Task inputs section start
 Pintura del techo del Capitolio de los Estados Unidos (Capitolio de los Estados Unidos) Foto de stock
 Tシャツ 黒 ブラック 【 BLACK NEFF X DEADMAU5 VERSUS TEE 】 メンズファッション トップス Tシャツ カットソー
Task inputs section end
Task inputs section start
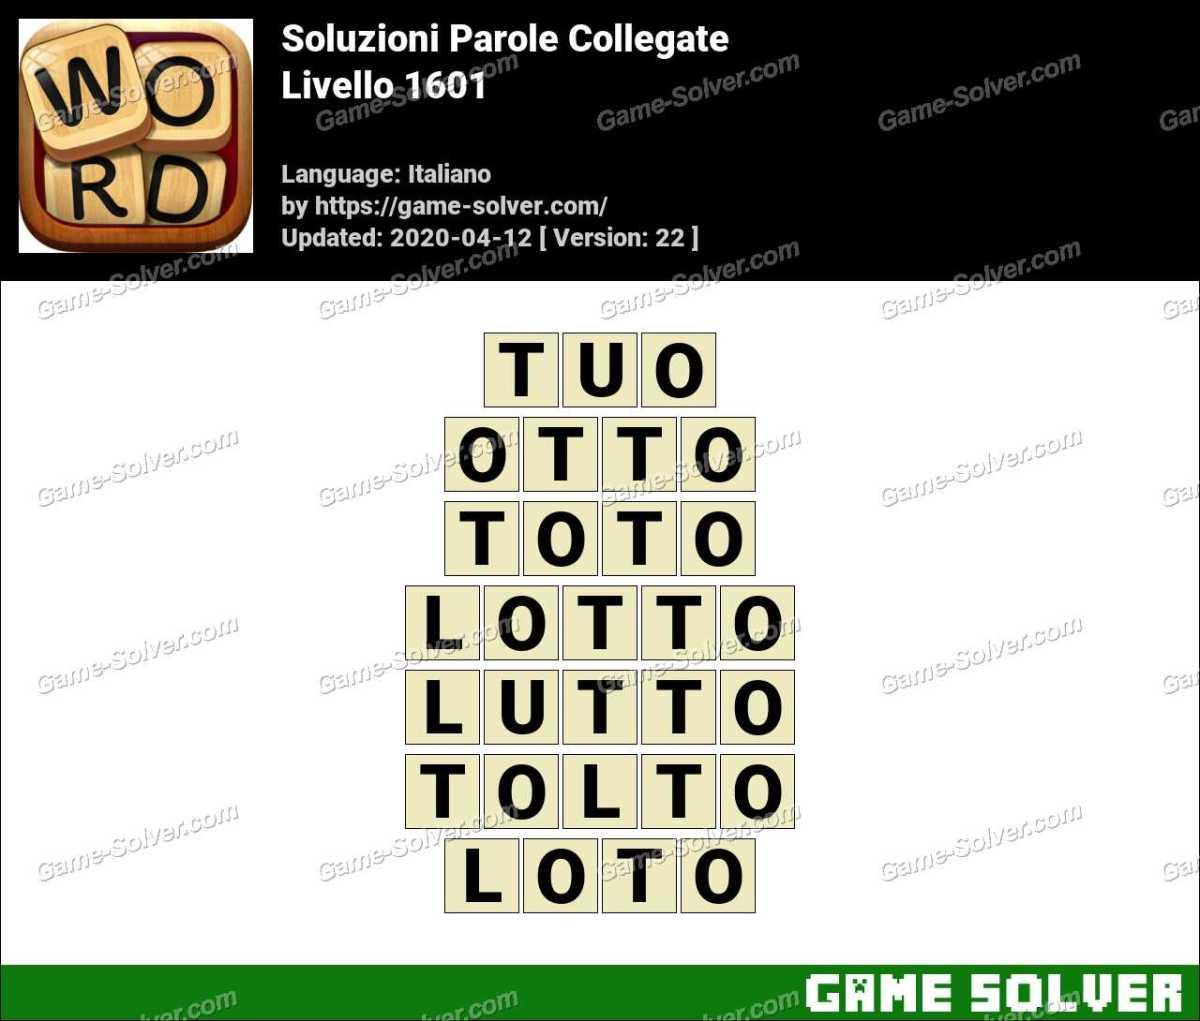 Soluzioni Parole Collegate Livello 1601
Task inputs section end
Task inputs section start
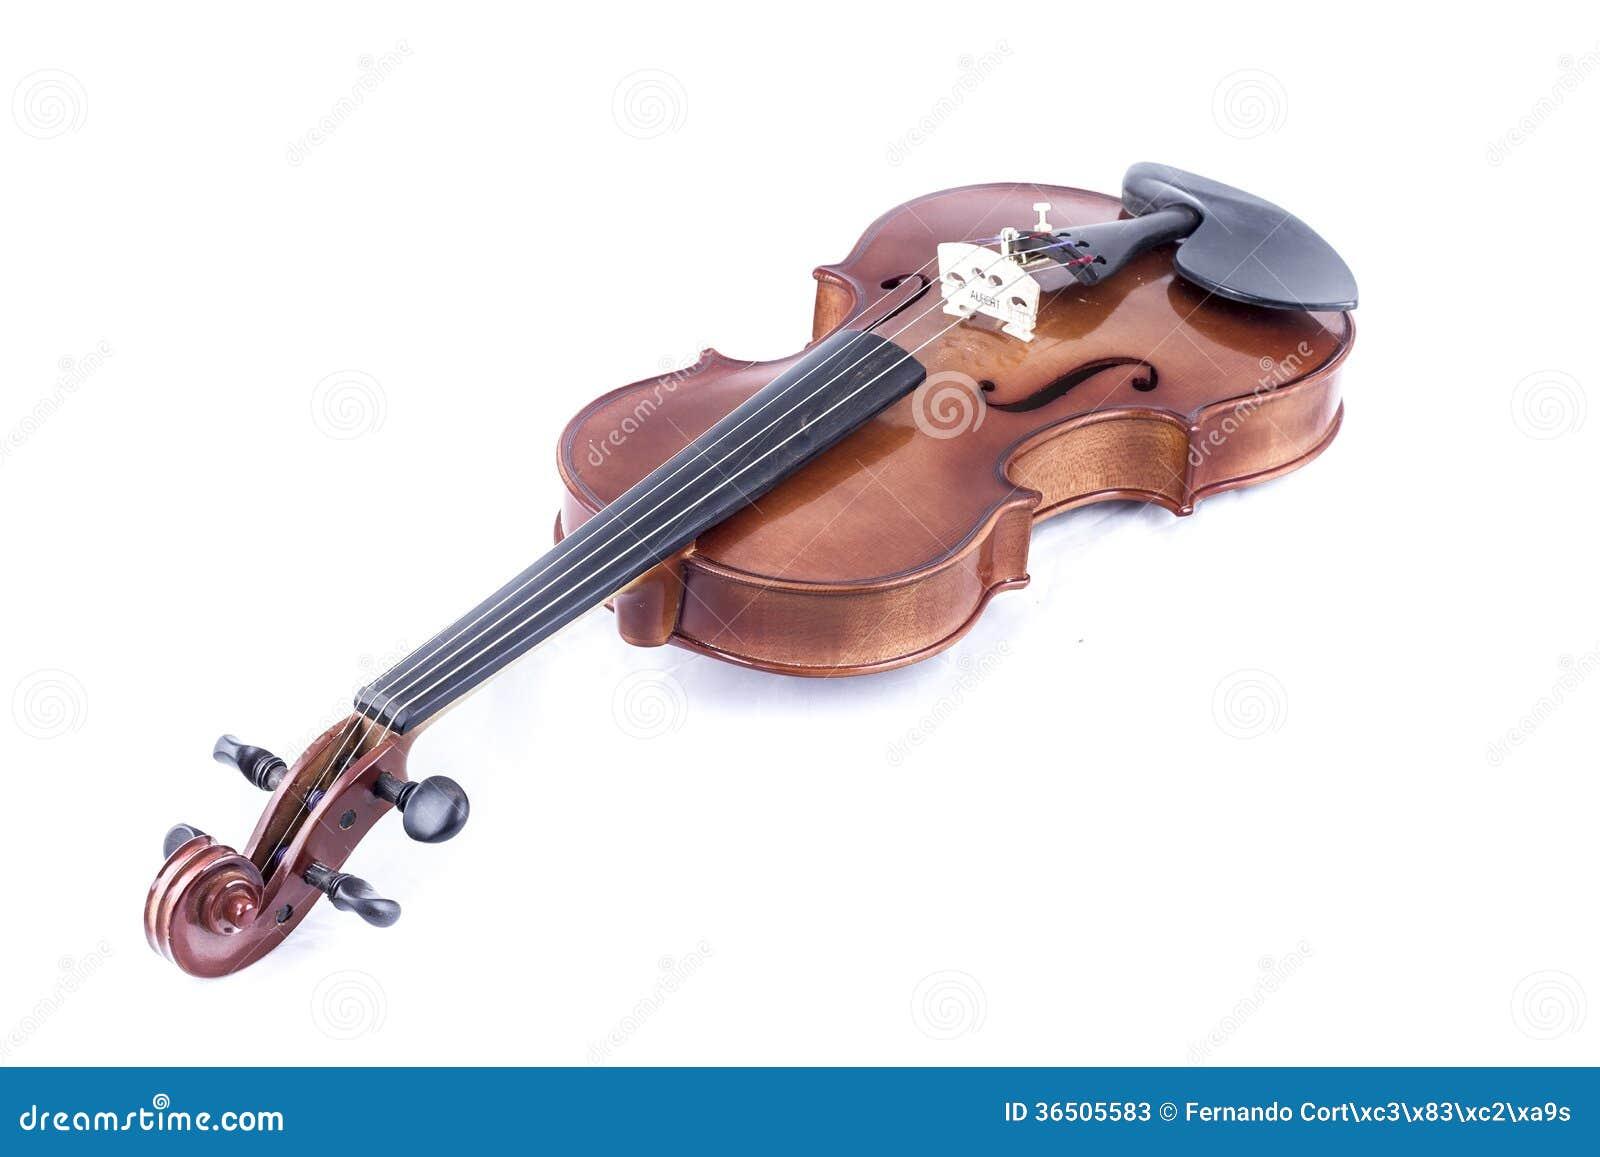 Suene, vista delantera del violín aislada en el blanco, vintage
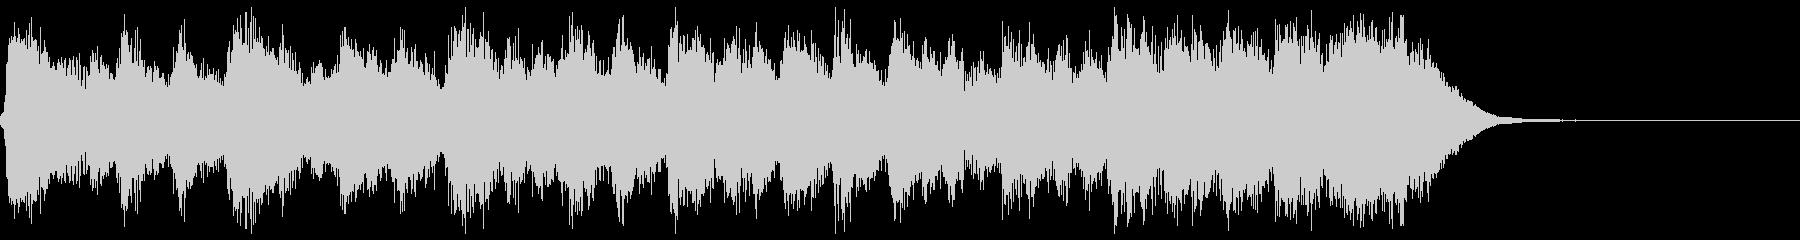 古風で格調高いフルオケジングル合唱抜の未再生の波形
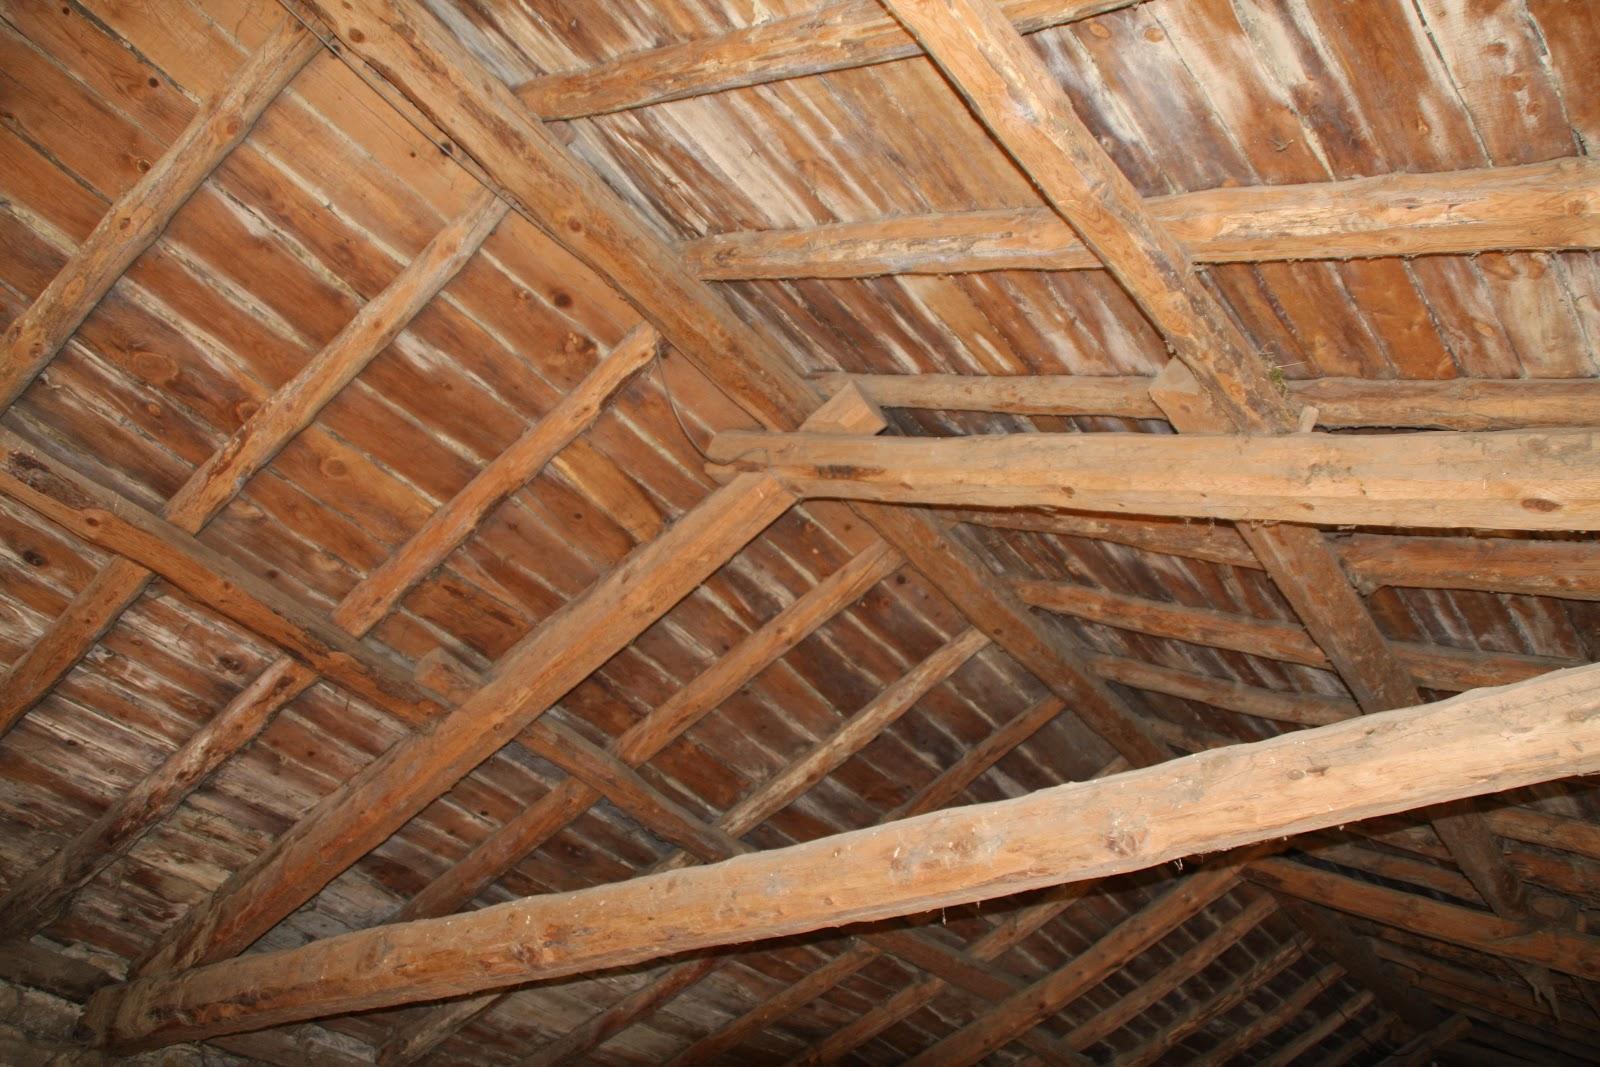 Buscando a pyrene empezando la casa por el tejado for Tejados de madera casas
Task inputs section end
◆ **Exercise**:
Take the lines above from the one containing "Pintura del techo" to the one containing "Tシャツ 黒 ブラック" and retype them exactly, both ends included, with nothing added.

◆ **Response for this exercise**:
 Pintura del techo del Capitolio de los Estados Unidos (Capitolio de los Estados Unidos) Foto de stock
 Tシャツ 黒 ブラック 【 BLACK NEFF X DEADMAU5 VERSUS TEE 】 メンズファッション トップス Tシャツ カットソー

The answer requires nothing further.